Not that Prof. Mark Soskin actually subscribes to the theory himself. As you hear on TV a lot, he's just sayin'.
And what he's sayin' is that the state House has an usually high number of unusually young members in very powerful positions. Soskin, who teaches business at the University of Central Florida in Orlando, says even youthful House Speaker Will Weatherford, 33, looks a little fatherly next to fellow reps, some as young as 29, who hold committee and subcommittee chairmanships.
(Soskin) crunched the numbers, and determined the odds of so many young people coincidentally getting so many leadership positions was approximately 1 in 3,000.
“I’m not ascribing the reason to all this,” Soskin said. “I’m just saying it’s not random. It can’t be.”
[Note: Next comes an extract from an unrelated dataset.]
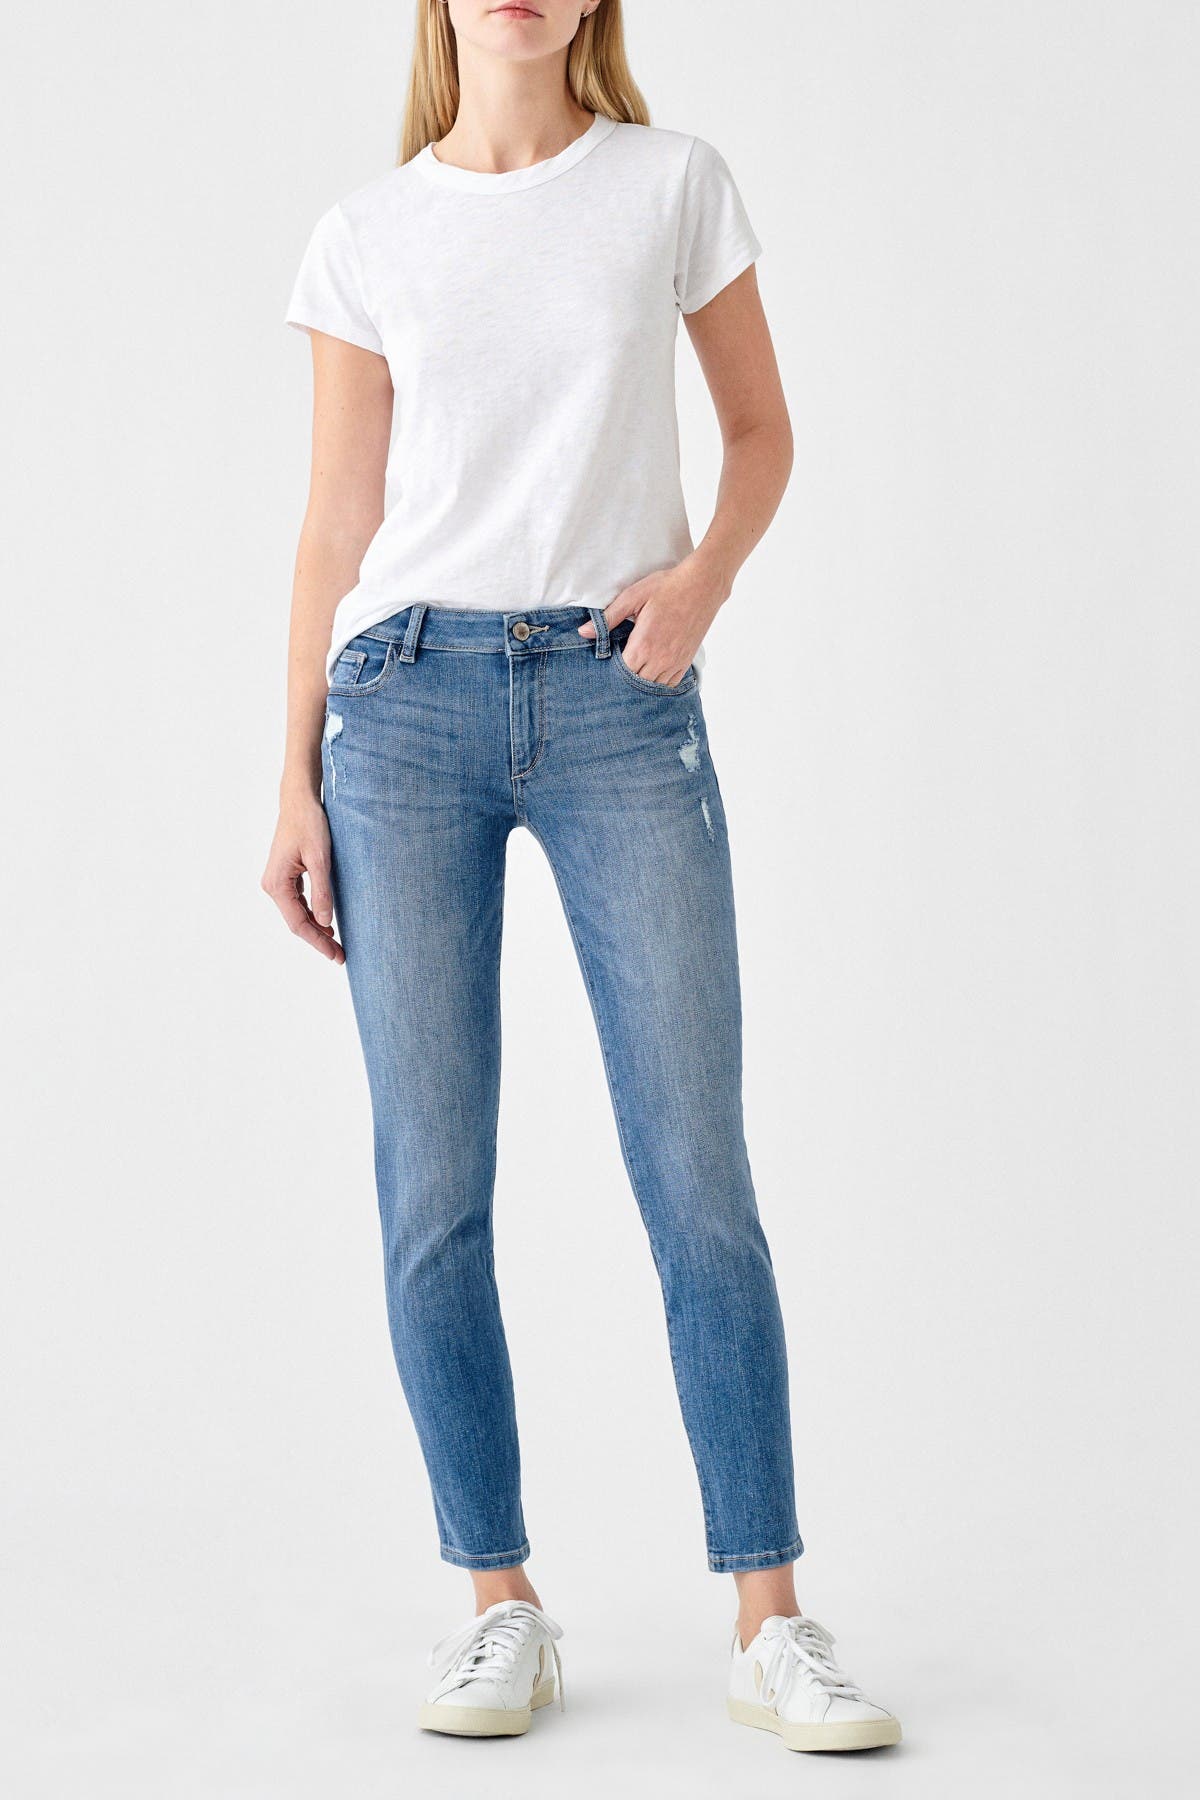 dl1961 amanda jeans
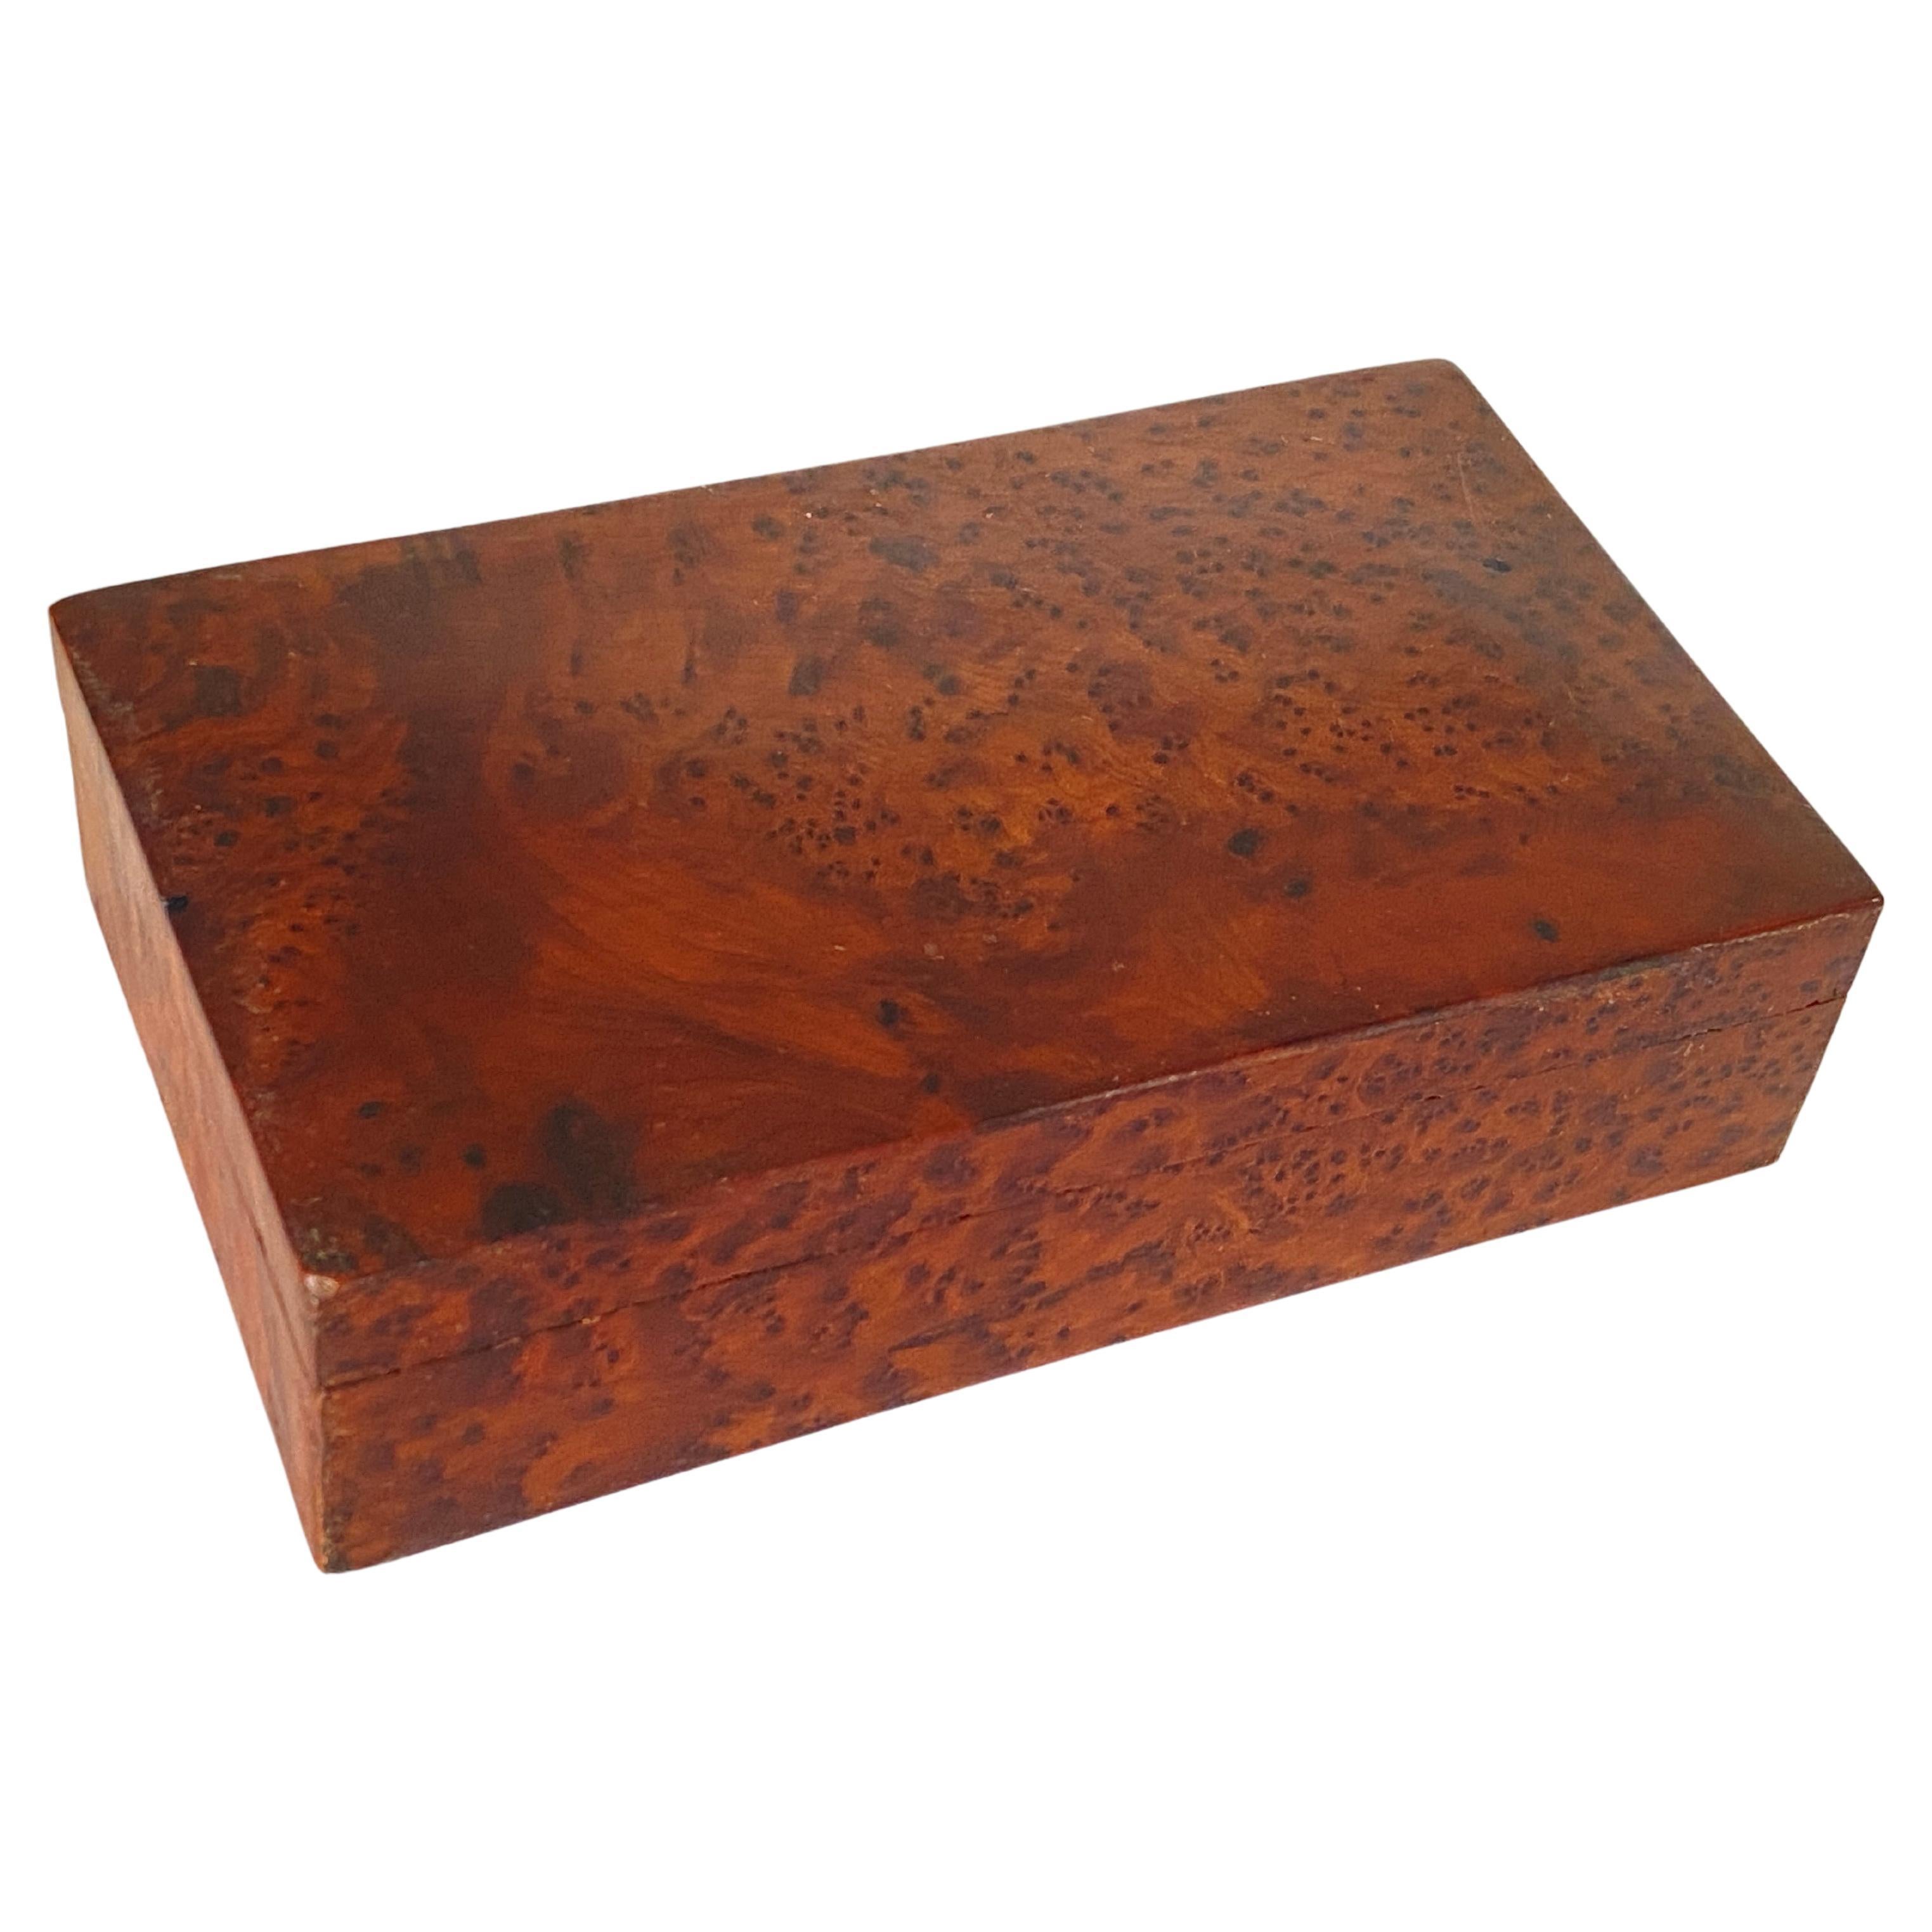 Zigarrenkisten oder dekorative Schachtel aus gemasertem Holz, braun, Frankreich, 20. Jahrhundert

Still, Soskin has heard some others ascribe reason – saying that one common theory is that younger legislators are easier to control. So lobbyists handpick the guys they want to run the show, shower them with cash and then help them climb the leadership ladder.
The youngest chairman of them is all is 29-year-old Carlos Trujillo, a lawyer who represents the South Florida city of Doral. He is the chairman of the not-insignificant Economic Development and Tourism Subcommittee. There are three other chairmen of committees or subcommittees between 29 and 31 and Soskin pegged the average age of appropriations subcommittee chairmen at 37.
U. S. Senator Marco Rubio was 35 when he became Speaker of the Florida House.
The House occasionally votes out measures that many consider immature, even harebrained, but they are often blocked by the lean and slippered pantaloons of the Florida Senate, where the average age is much higher.